Fundamentally, this is not how DynamoDB works. DynamoDB's "tables" and "indexes" have almost nothing in common with SQL's "tables" and "indexes". It can take a while to "unlearn" the relational mindset.
All data is stored in a partition, which can only be found by its Partition Key. There is no concept of "nearby" or "similar" partitions; you either know the Partition Key or not. (Imagine sorting your address book by the SHA-1 hash of people's names; there's no way to find "everyone named John", because the hashes will have nothing in common.)
This is true in both Tables and Secondary Indexes - the "index" is essentially a second copy of the table, with exactly the same structure. (Secondary Indexes are allowed to have duplicate items, but that doesn't change how you access them.)

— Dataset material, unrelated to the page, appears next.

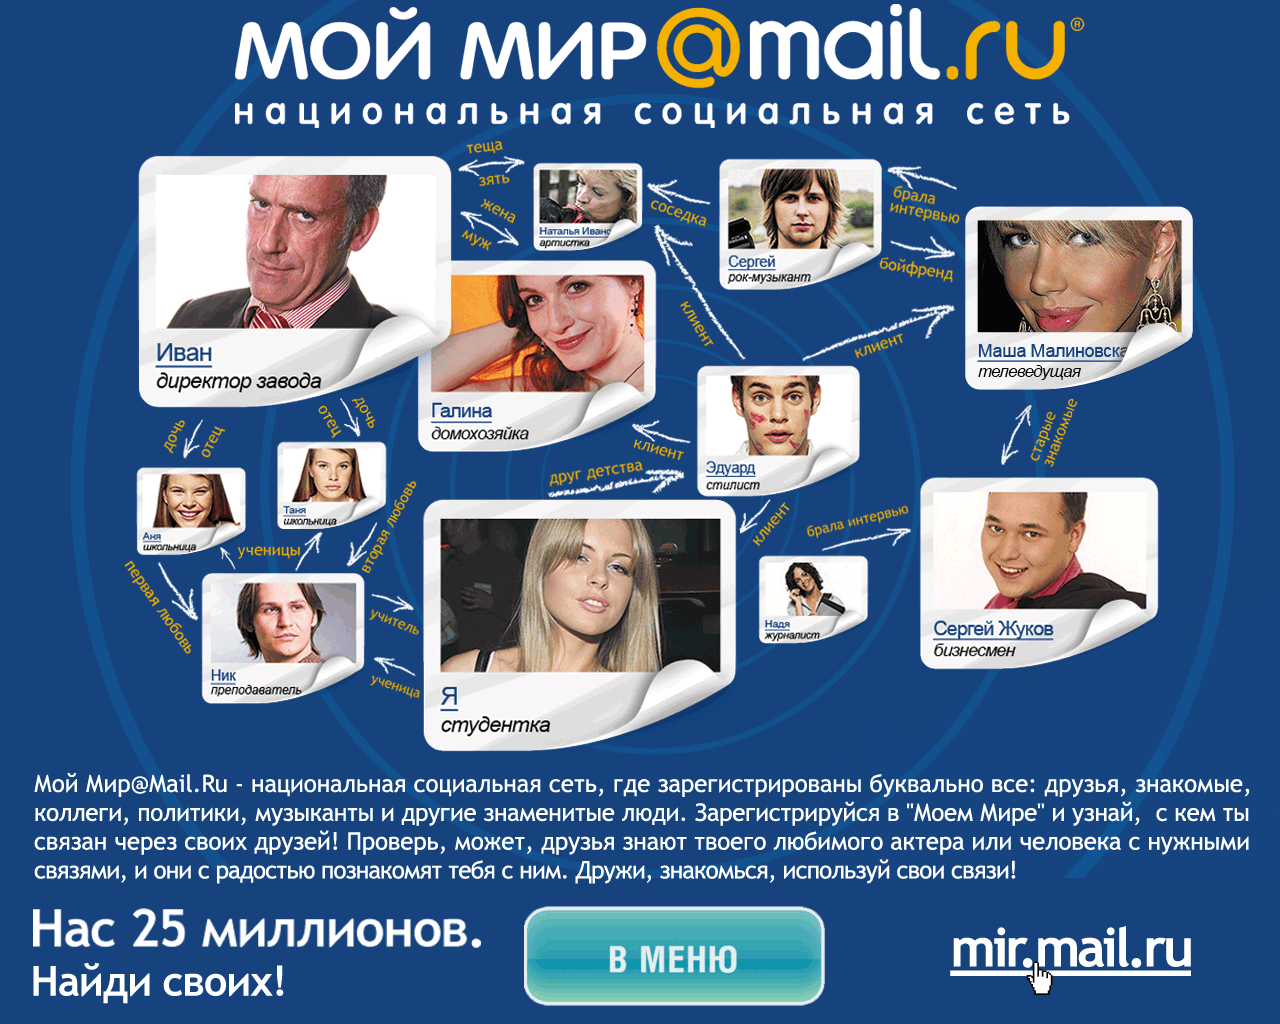 Мой мир. Мой мир@mail.ru. Mail мой мир. Соц сеть мой мир. Страницу в соцсетях по фото

If your Table or Index has only a Partition Key, there are exactly two ways of finding an item:
- Query it by knowing its Partition Key
- Scan all items, in no particular order, testing each one against a filter
If your Table or Index has a Partition Key plus a Sort Key, there are exactly three ways of finding an item:
- Query it by knowing its Partition Key and Sort Key
- Scan all items, in no particular order, testing each one against a filter
- Query a single Partition, by knowing its Partition Key; then retrieve some or all items in that partition, in the order of their Sort Keys
You can run any of those in a loop, either locally, or using batch operations in the DynamoDB API; but every read or write ultimately needs to identify items using one of those methods.
AWS has quite a good section of the user manual about "Data modelling for DynamoDB". The key idea is that you design your Tables and Indexes around how you're going to use the data, not its abstract structure.
So, if your use case involves finding "neighbours" according to some algorithm, you need those neighbours to be together in a single partition. That probably involves calculating a Partition Key which groups them in some way, and a Sort Key which identifies sub-sets within that group. That can be either the Partition Key + Sort Key of the main Table, or of a Secondary Index.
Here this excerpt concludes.